MATERIAL PROVIDED »
Content starts
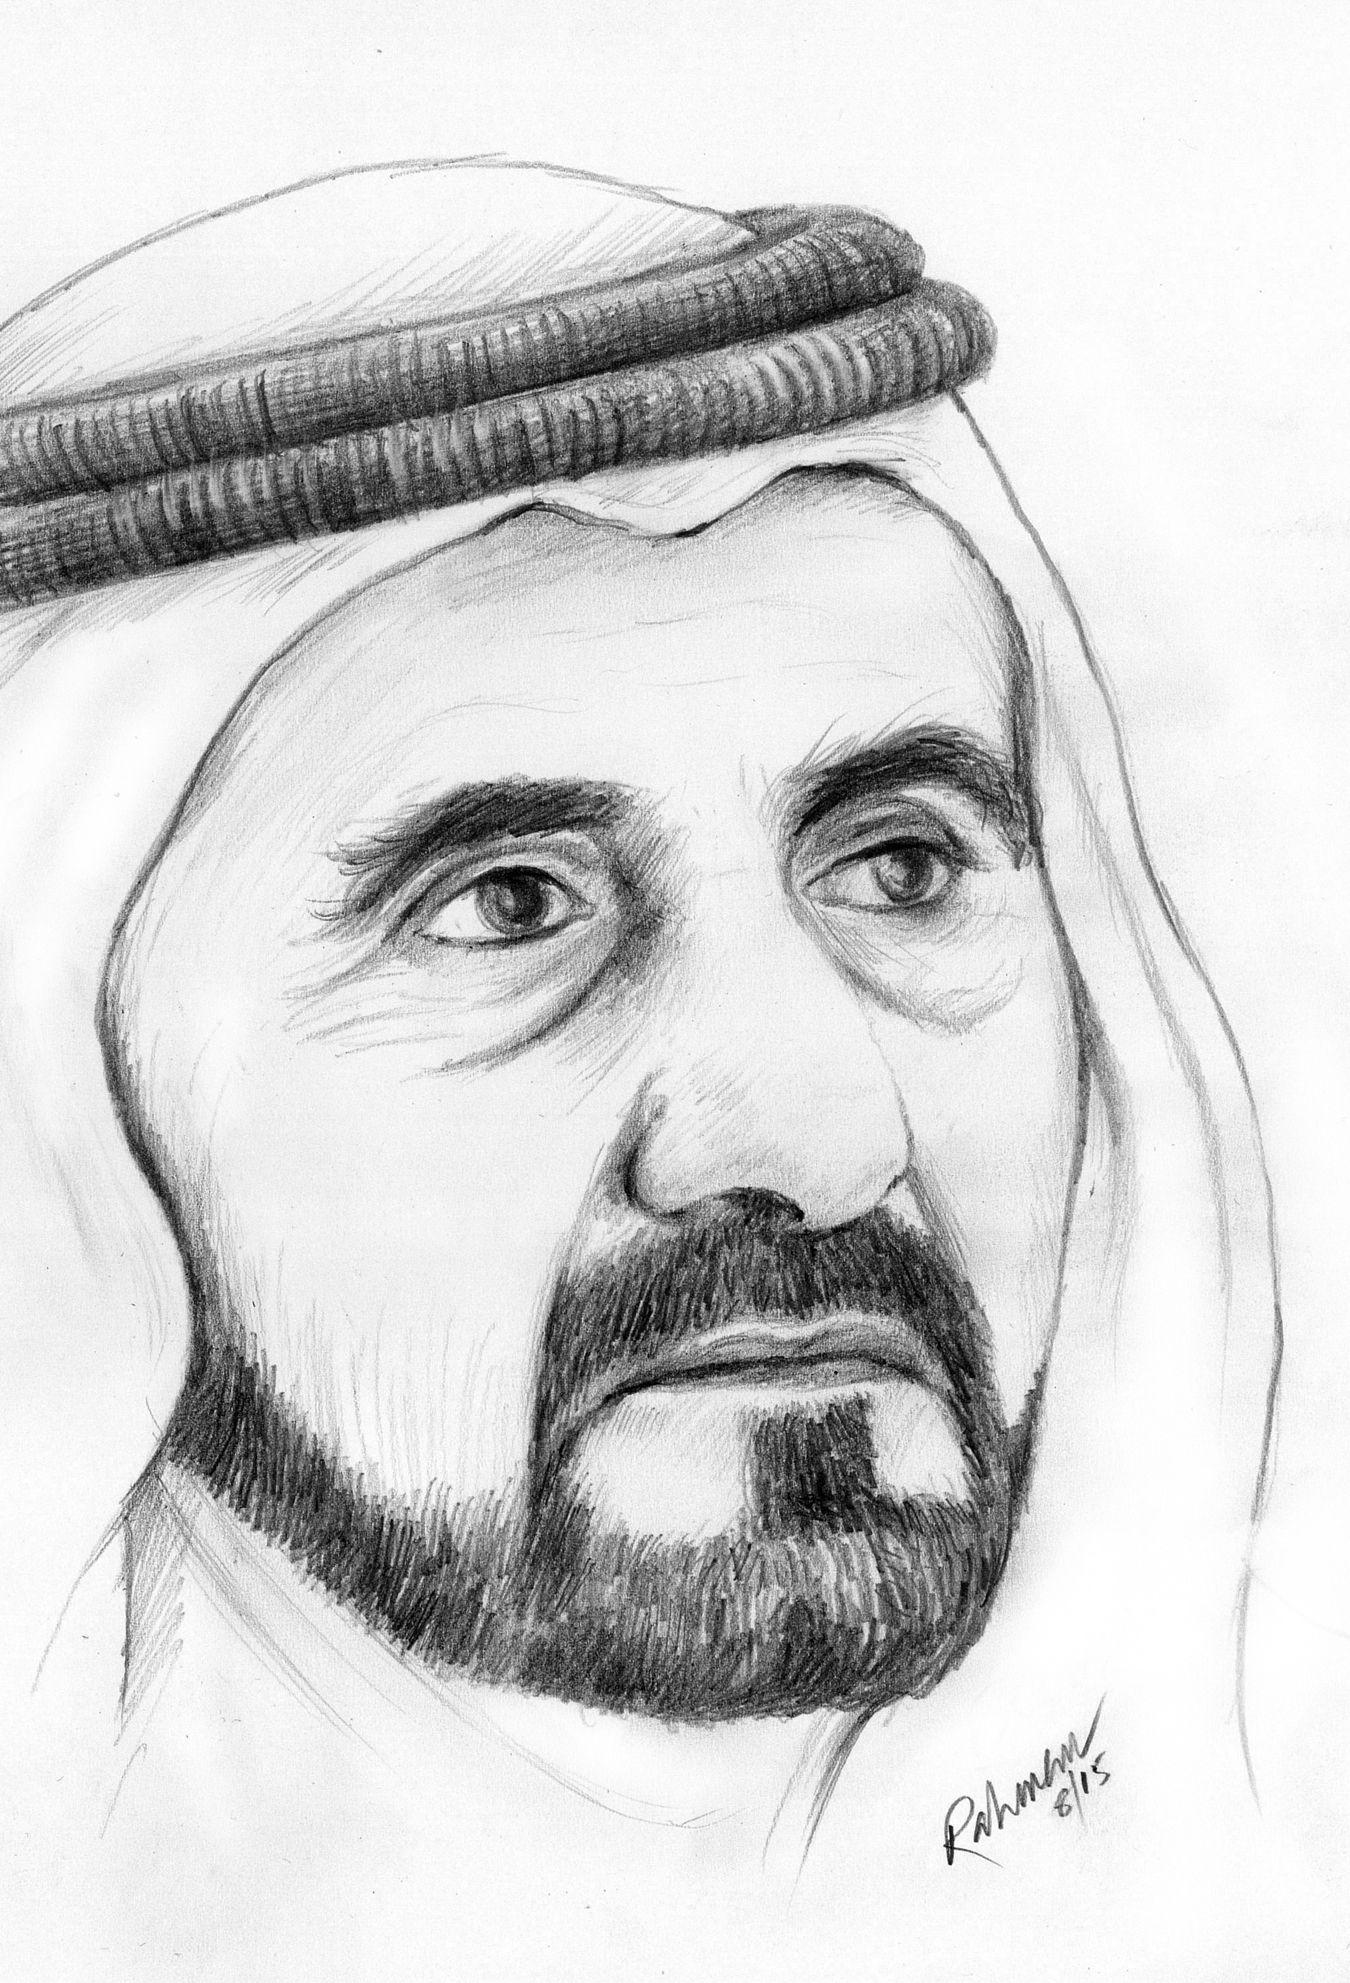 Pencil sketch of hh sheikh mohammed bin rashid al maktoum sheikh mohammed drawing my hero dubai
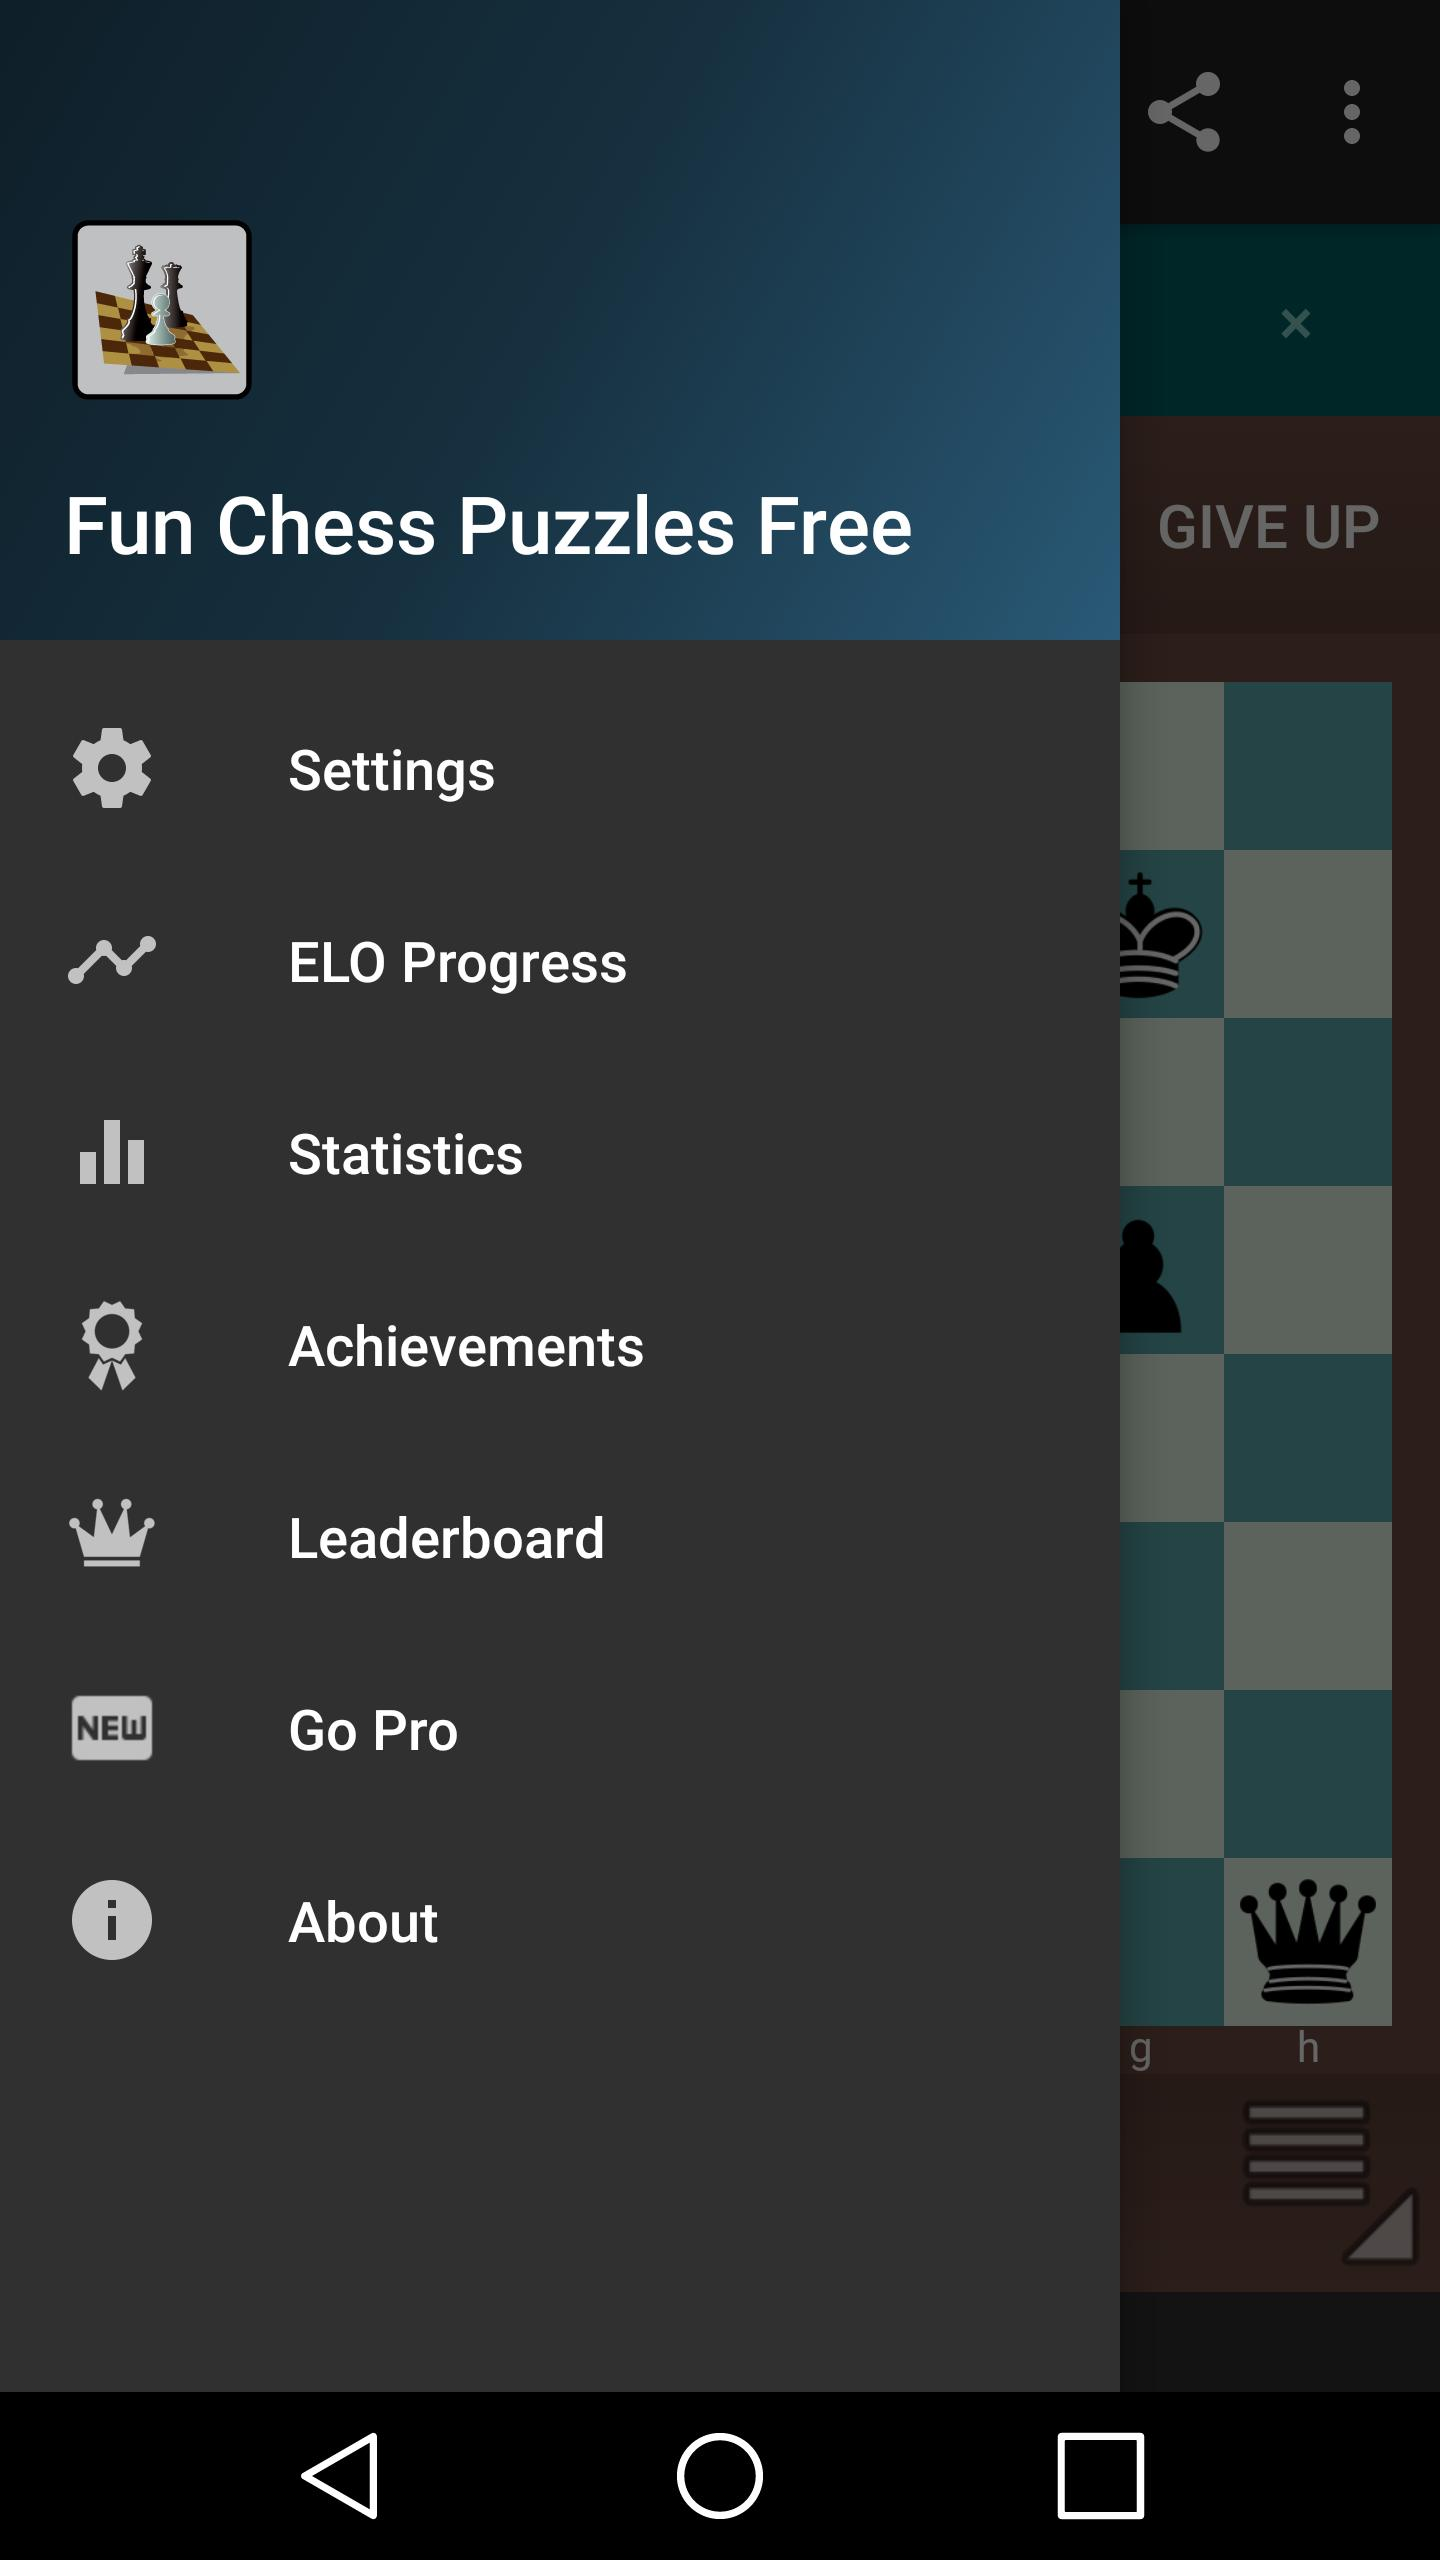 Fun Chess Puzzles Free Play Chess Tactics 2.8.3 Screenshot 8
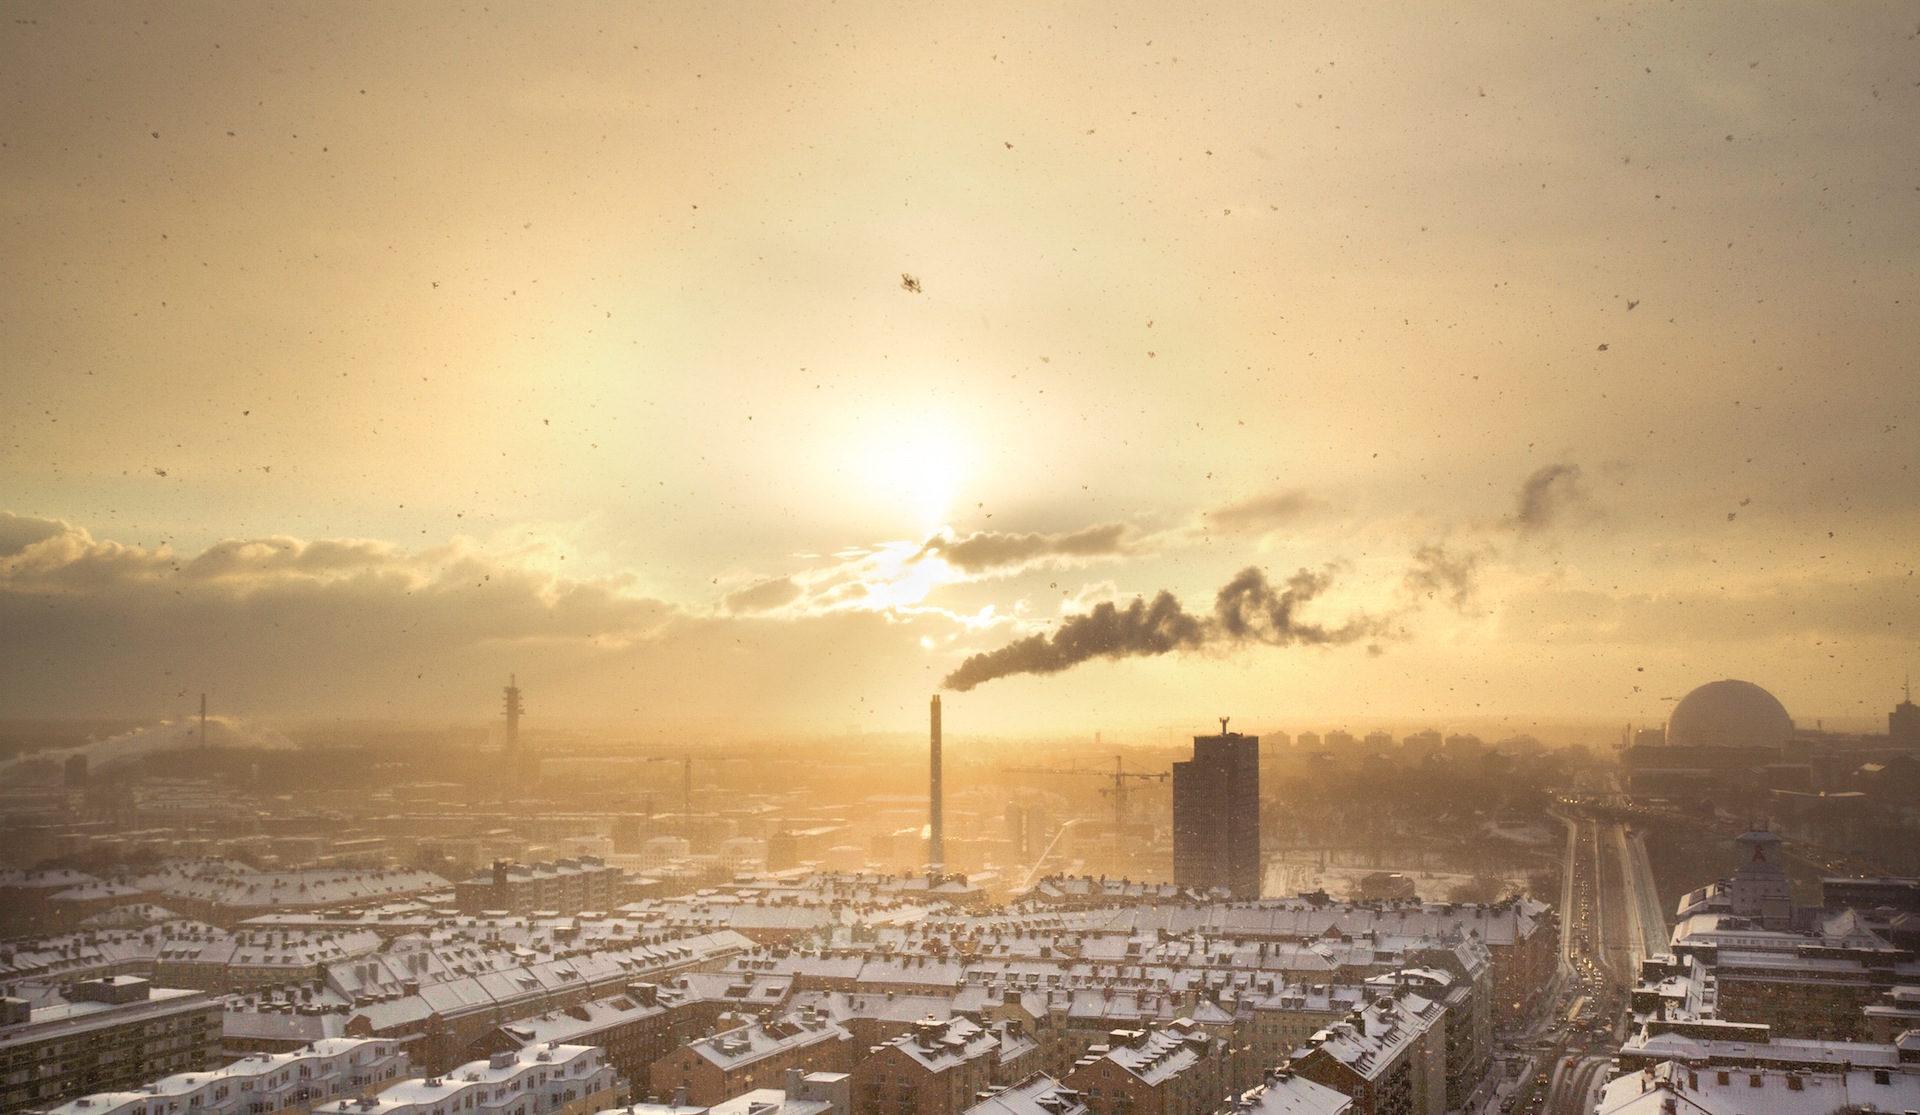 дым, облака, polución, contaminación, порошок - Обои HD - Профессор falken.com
Content ends
DIRECTIONS » It would help to have the listing above repeated exactly, with all images removed.

YOUR SOLUTION »
 Pencil sketch of hh sheikh mohammed bin rashid al maktoum sheikh mohammed drawing my hero dubai
 Fun Chess Puzzles Free Play Chess Tactics 2.8.3 Screenshot 8
 дым, облака, polución, contaminación, порошок - Обои HD - Профессор falken.com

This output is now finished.